Enlarge (credit: Samuel Axon)
A new report from Bloomberg's Mark Gurman suggests that Apple is serious about combining apps across the iOS and macOS App Stores. The iPhone maker is reportedly planning on expanding Project Marzipan, a multistep initiative that will allow developers to create an app only once and have it work across iPhone, iPad, and Mac devices. Apple may reveal the first steps of this program as early as June 2019 at its annual Worldwide Developers Conference.
We first heard about Marzipan back in 2017, but this is the first hint of Apple's tentative schedule for its rollout and application. The company may debut an SDK later this year that will allow developers to port iPad apps to Mac computers. While they will still have to submit two separate apps to the iOS App Store and the Mac App Store, the SDK reportedly makes it so developers only have to write the underlying code once.
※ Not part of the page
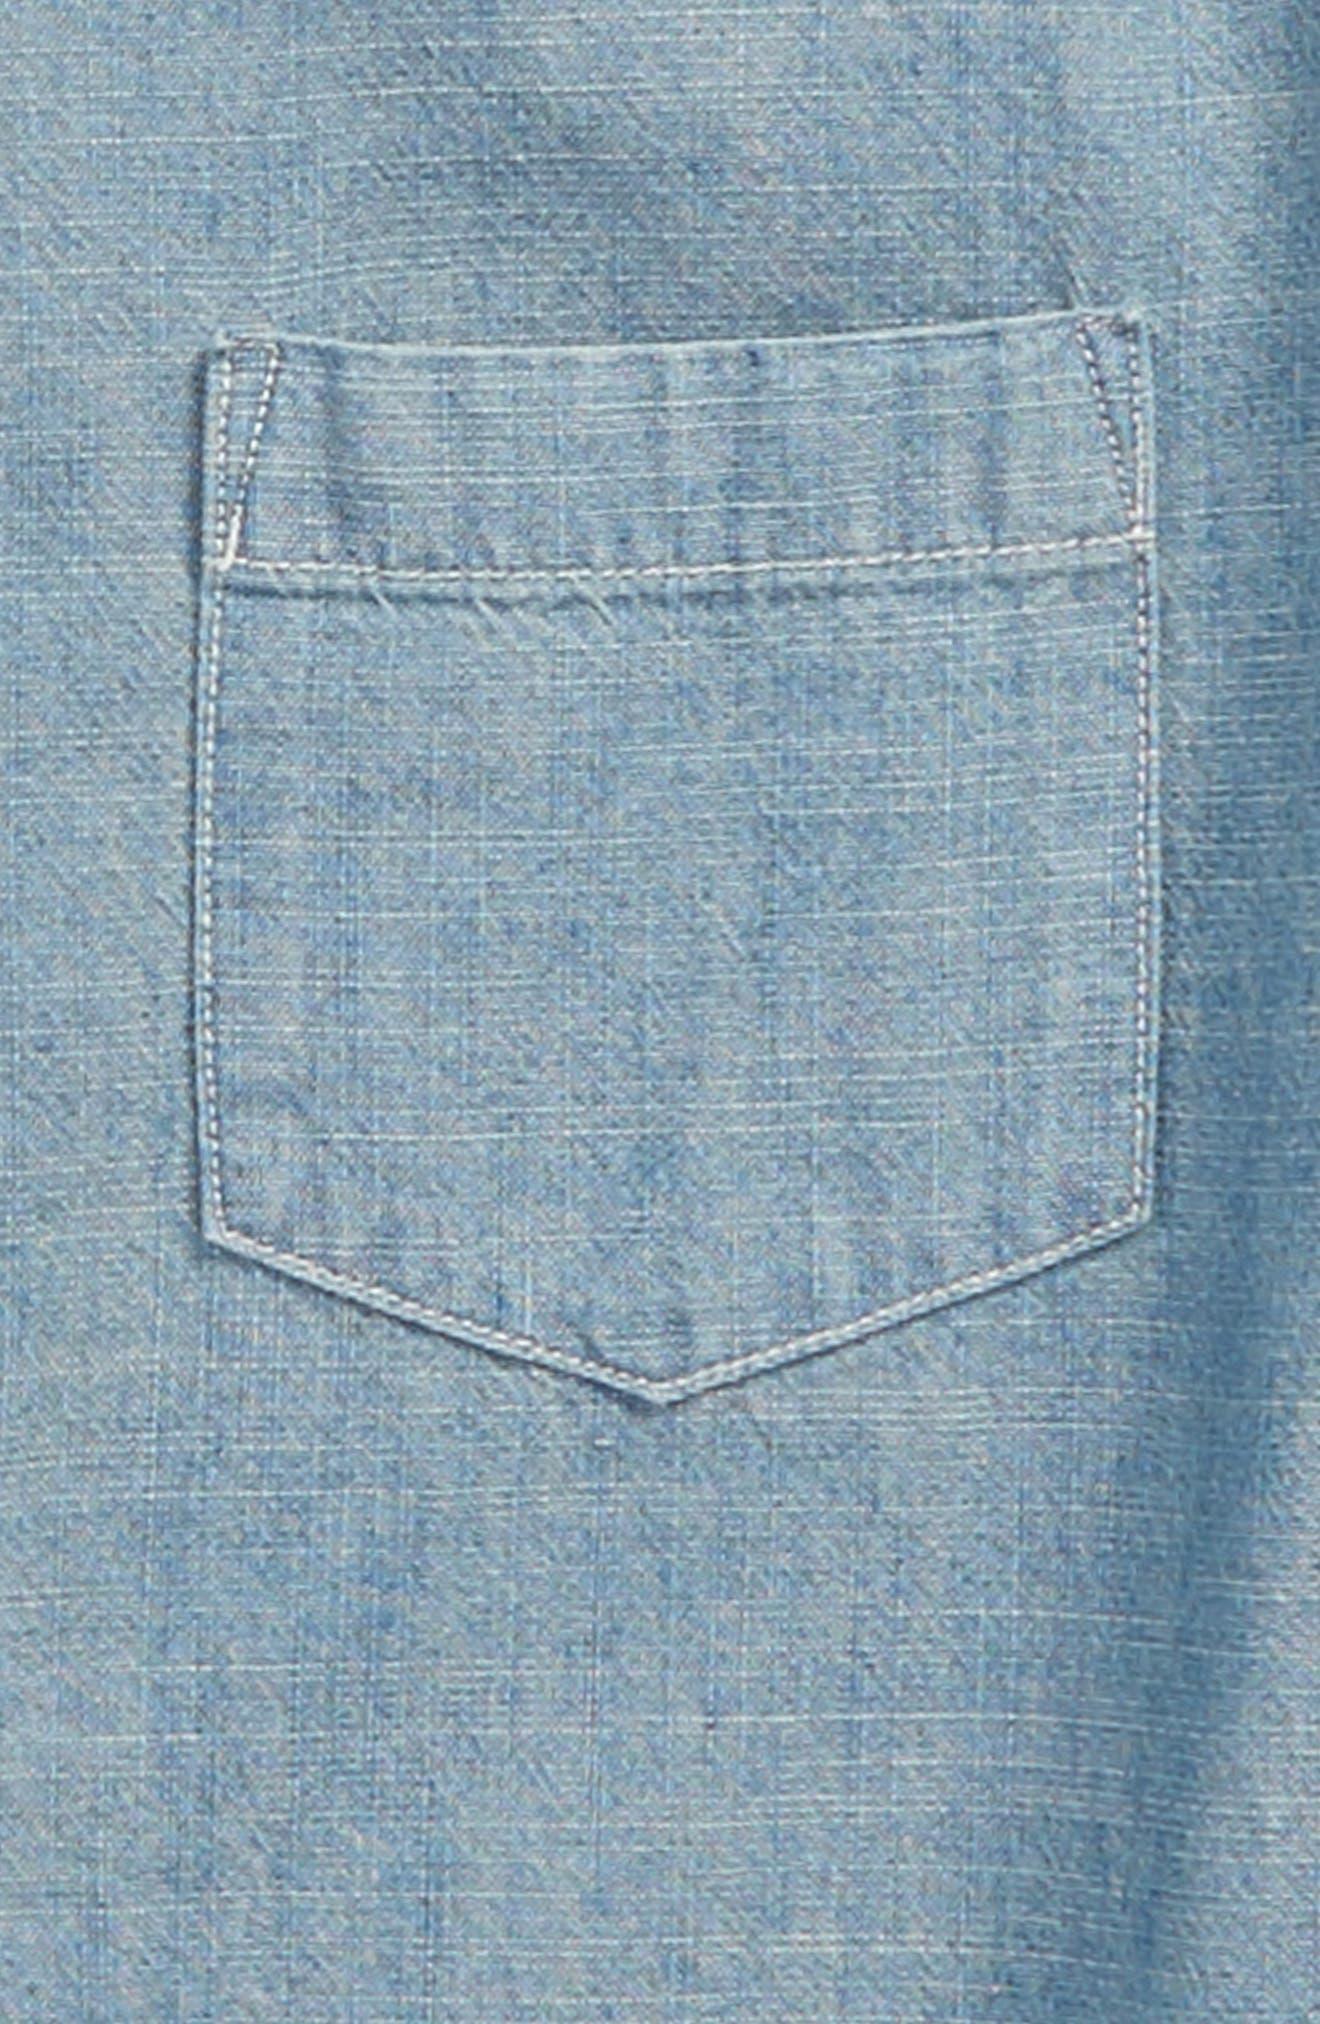 Chambray Woven Shirt,                             Alternate thumbnail 2, color,

By next year, Apple plans to expand the SDK to include iPhone apps, meaning developers could port iPhone apps to Macs in the same way. By 2021, developers may be able to merge iPhone, iPad, and Mac apps, creating one application that works across all of those Apple devices (what the report calls a "single binary"). At this stage, developers will not have to submit multiple versions of apps to different app stores—and Apple may be able to merge its separate stores into one, all-encompassing app store.